Believe me, it is a burden being nice. When you inhabit The Heartland in this country, which this country also calls The Flyover, you begin to live this crazy contradiction. You believe, on the one hand, that you are the center of all that is good, true, and valuable. You are, you believe, the embodiment of American values and traditions, whatever they are. But simultaneously you know, in your heart of hearts, you are also in the middle of Nowheresville. So you keep up appearances. You're honest, optimistic, innocent, polite, respectful, and most of all nice. Nice is us. We are nice to the nth degree. And yet, it wears on you, keeping alive the flame of civility you believe is the flame of civilization.

In my favorite episode of Law and Order, a New York City woman who has murdered her sister to assume her identity is finally cornered by the DA. You took your sister's life, he accuses. And she answers, "My sister lived in Terre Haute, Indiana. She had no life."

Hoosiers, being nice, won't talk about this: Bob Knight is a monster. But he is our monster.

Because he won, because his program was clean, because his players graduated, because he played by the rules, especially because he played by the rules, because, finally, all of that was, well, nice, we allowed him to be something more. Because he was so very nice he could also become, for Hoosiers, the antiHoosier as well. He became for us, who constitutionally can't act out, our designated hitter, our surrogate rage against those stupid rules, our projection of the best-suppressed id on any forbidden planet. He is the thing in us all spoiling to be not nice.

You, who are Not Nice by nature, cannot begin to imagine how thrilling it is for the Nice to witness such public displays of emotion, any emotion, that Bob Knight could concoct. How the pent-up grudges, the slights, the nagging doubts, the inferiority, the martyrdom, the secret vanity, the righteousness even, and all those virtues that we must maintain and nurture, all of it gets bled off by the maniac in the bright red shirt. All heck, as we say, breaks loose.

I look at the four Hoosiers hovering behind Coach Knight. I wonder if the change of venue to this Bizarro Indiana will still work its empathetic catharsis. I can't imagine Texans plugging into this dynamic. Where is the understatement to foil the flamboyance? It's not quite the same. Bob Knight sits quietly on the Texas Tech bench. All around me Texans are going nuts as their team takes a commanding lead. But all the Hoosiers in the house wait on the Coach and on what he will do next.

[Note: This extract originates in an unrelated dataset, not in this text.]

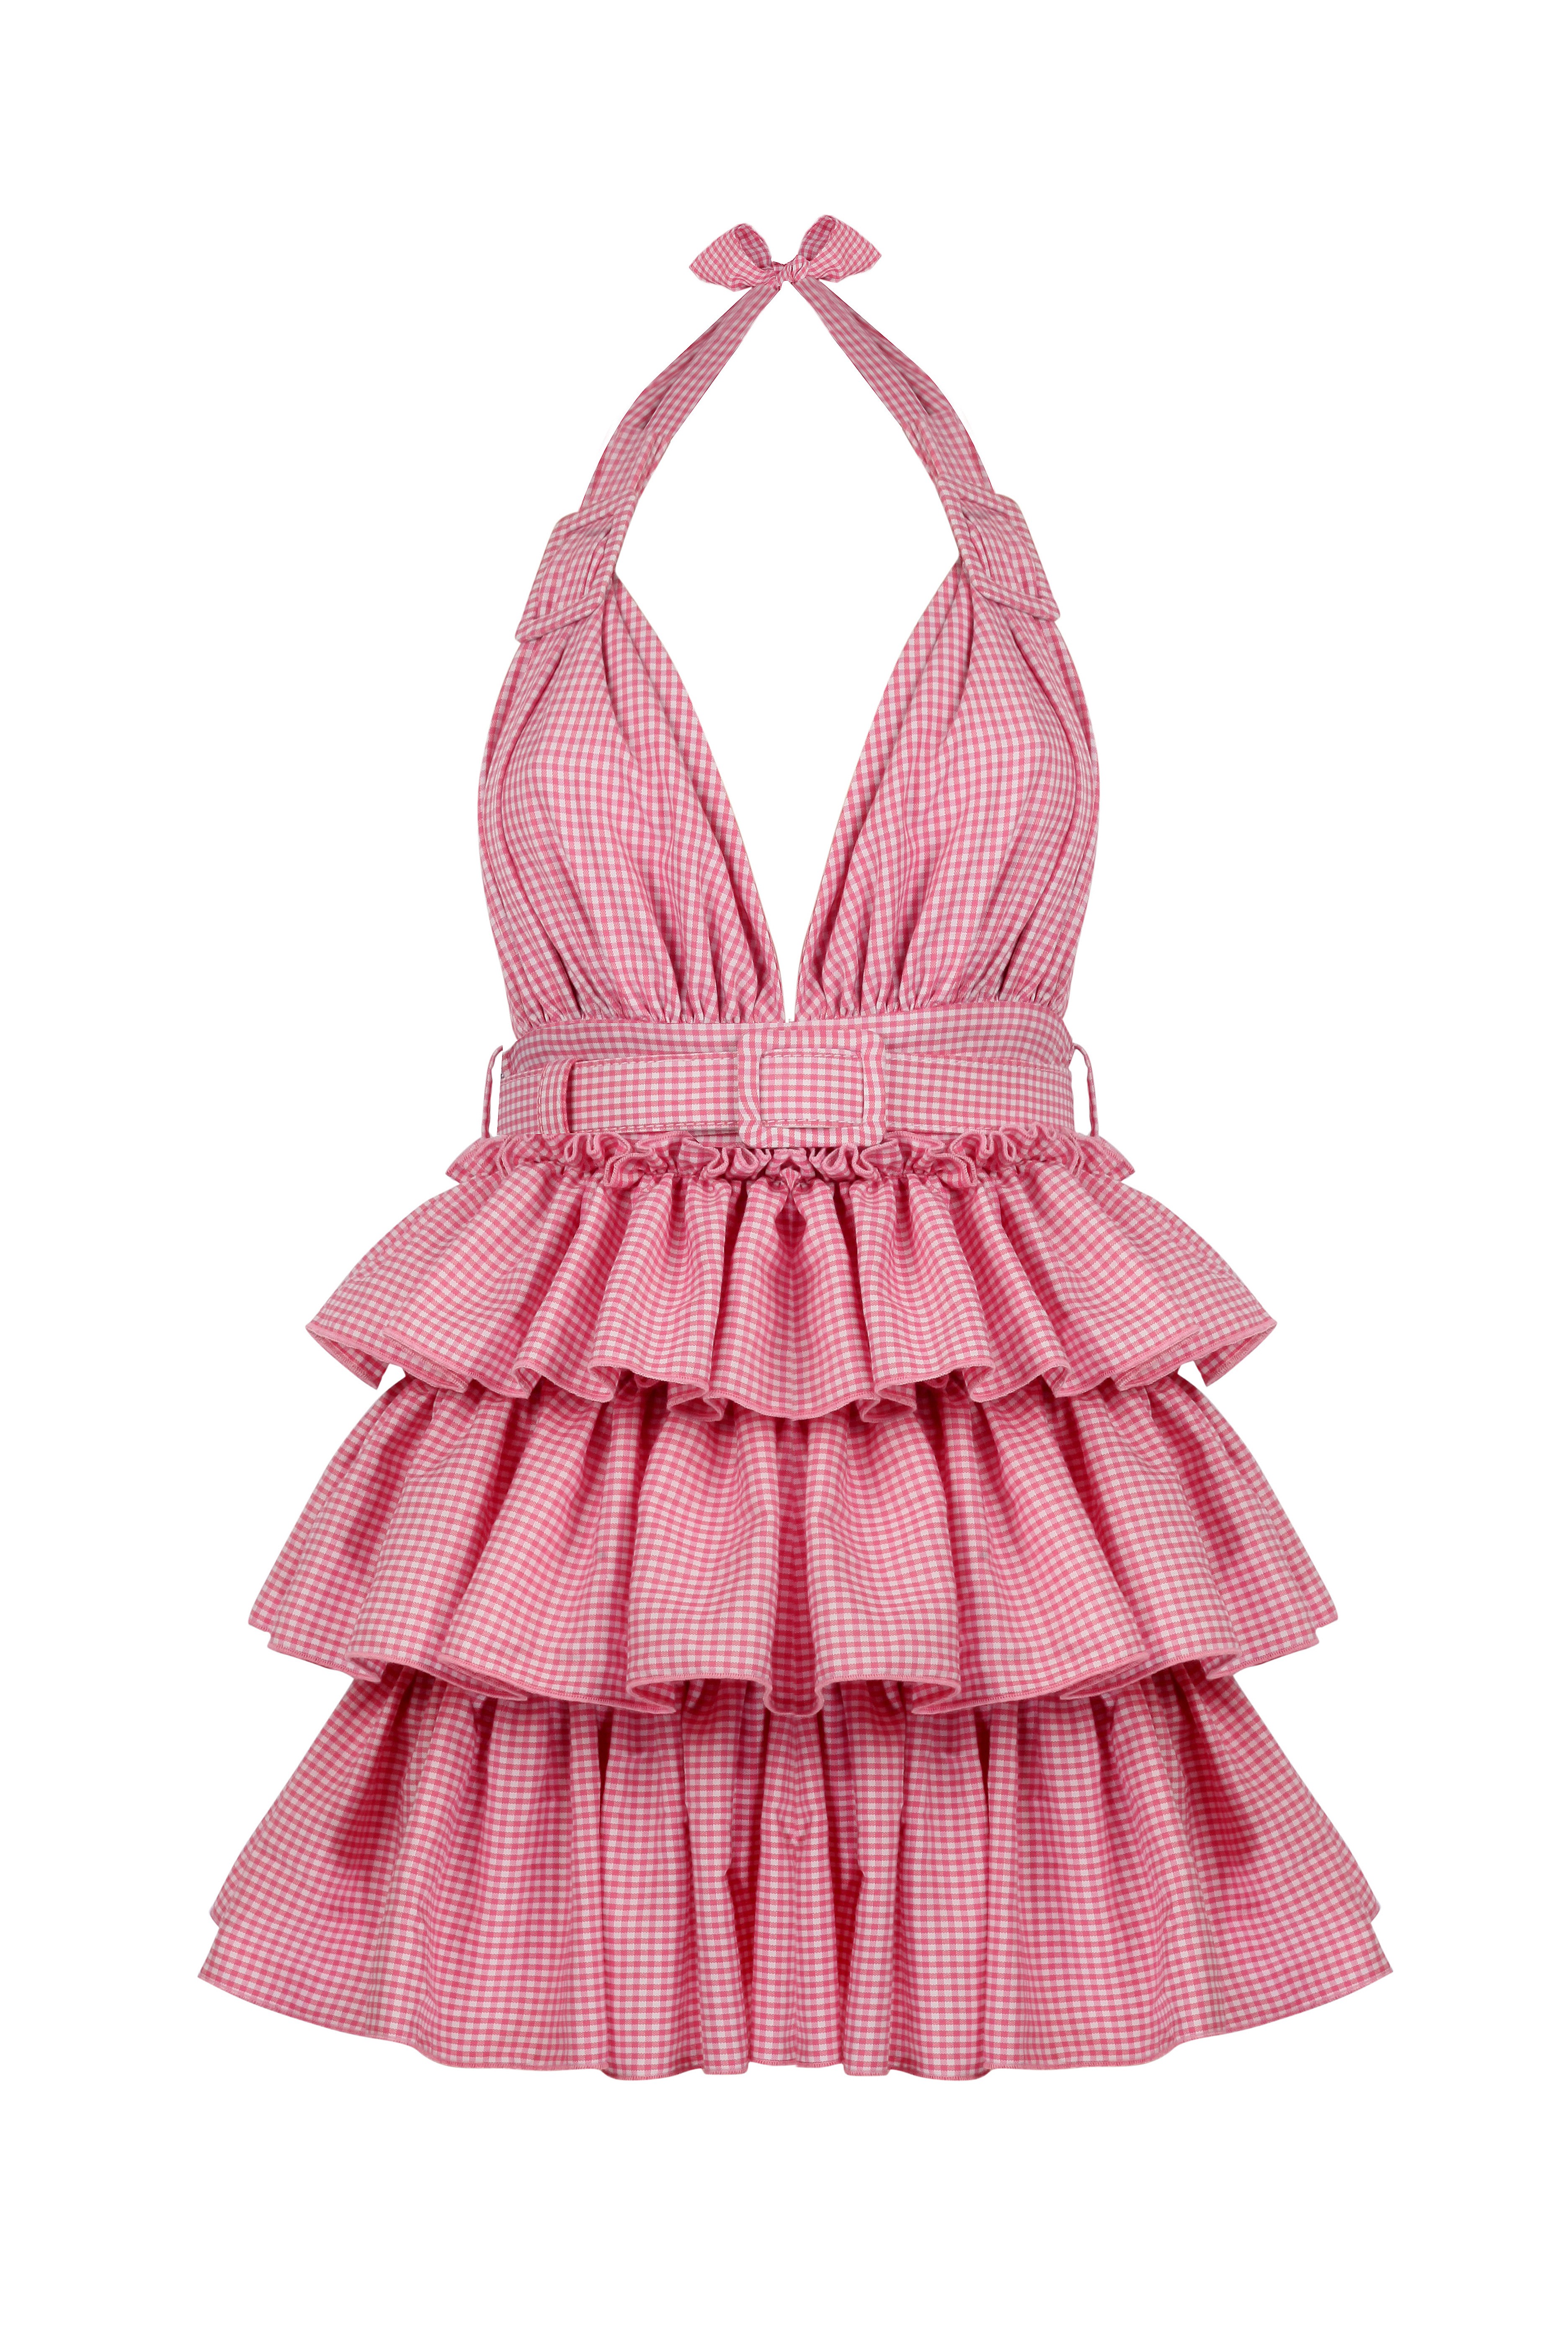 Bellano Pink Dress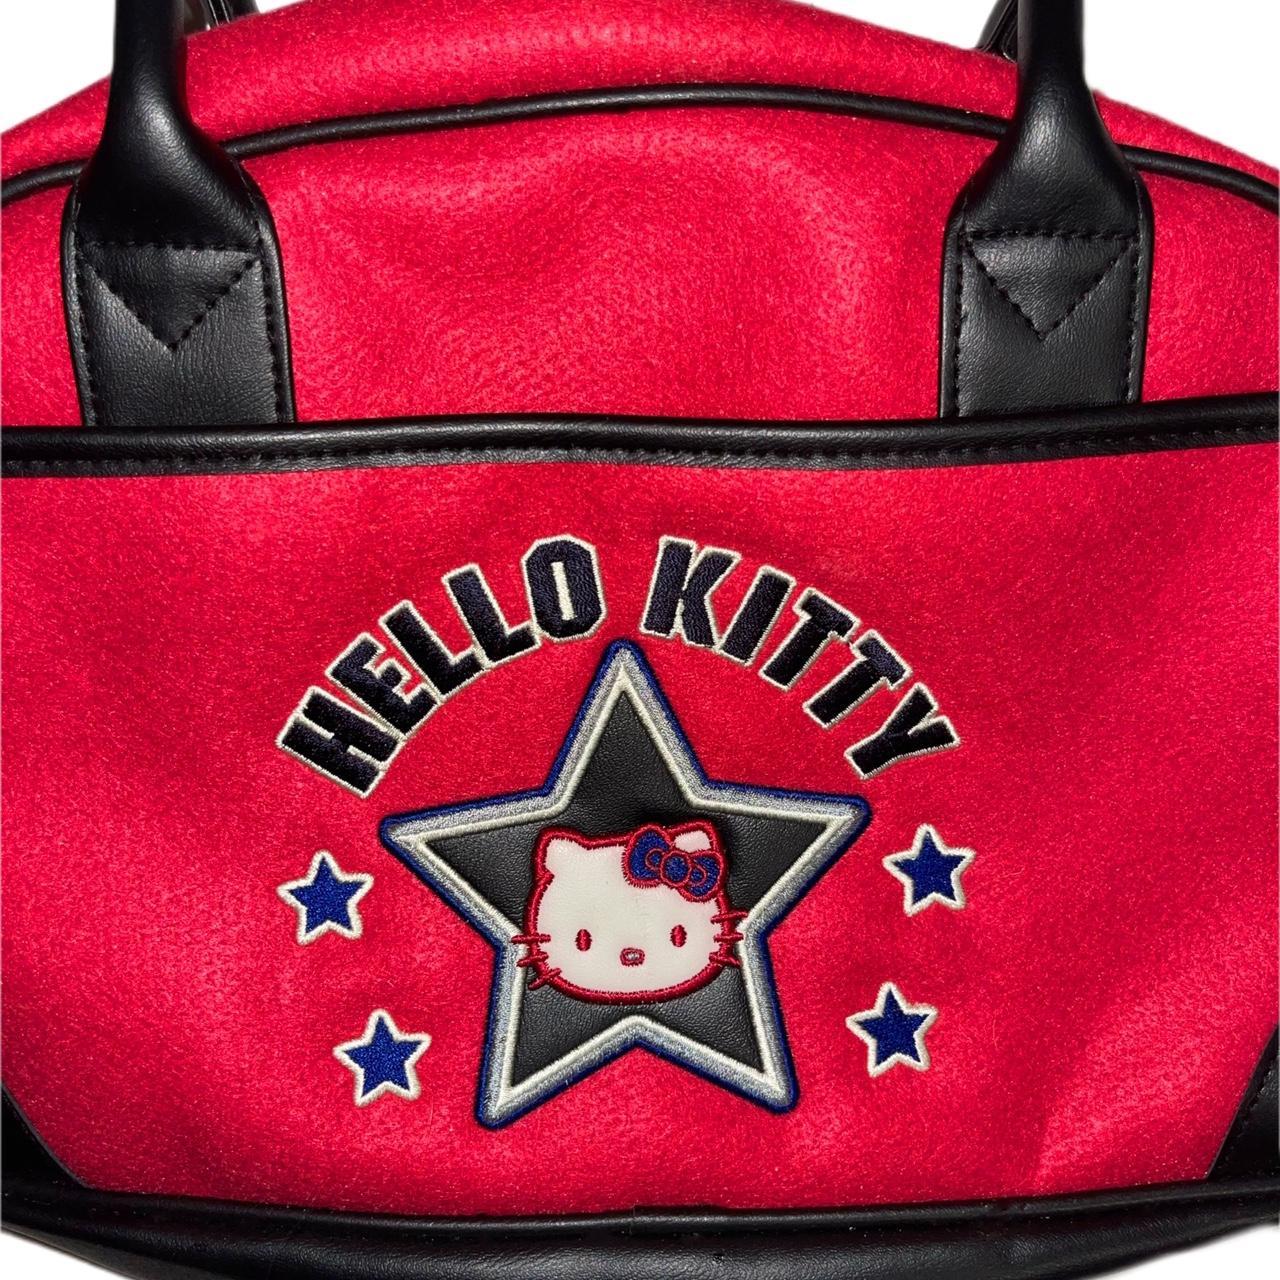 Kitty Kitty by New Vintage Handbags

My Father Has Been Turned into a Monstrous Vermin

My Father Turned into a Monstrous Vermin

I was in Fort Wayne for the millennium's New Year's celebration. My mother was on the municipal committee that had planned the year's events that culminated with the fireworks launched from the top of the Summit Bank Building downtown. Freezing, the crowd below watched the display from the new park built with the proceeds derived from another recent celebration, the bicentennial of the city's founding in 1774. The park was a wonderful legacy. It had been built on an often-flooded floodplain with a design that recognized that fact. The flowerbeds were planted with ornamental grasses, yellow flag iris, and bull rushes and reeds that thrived in swampy conditions. The fountains produced a fine primordial mist, subtly lit, that floated over the marshy fields. In the cold of that night, the misting fountains created a crystalline landscape both old and new as the citizens of Fort Wayne greeted the turning of the age.

My mother had been on the bicentennial committee as well, and, in both cases, she had been instrumental in the development of the mascots. The bicentennial wasn't hard to figure out. Someone dressed up as General Anthony Wayne and made the appearances at the parades, beer tents, plaque dedications, and battle reenactments. Johnny Appleseed was a close second-he's buried in Fort Wayne-but the general looked better in uniform and lacked the cooking pot on the head. And besides, General Wayne came equipped with a horse. The millennium required more brainstorming. My mother, always the poet, finally rested on the notion the millennium would best be represented by a millipede, a millipede she named, for no other reason than the alliterative, Millie.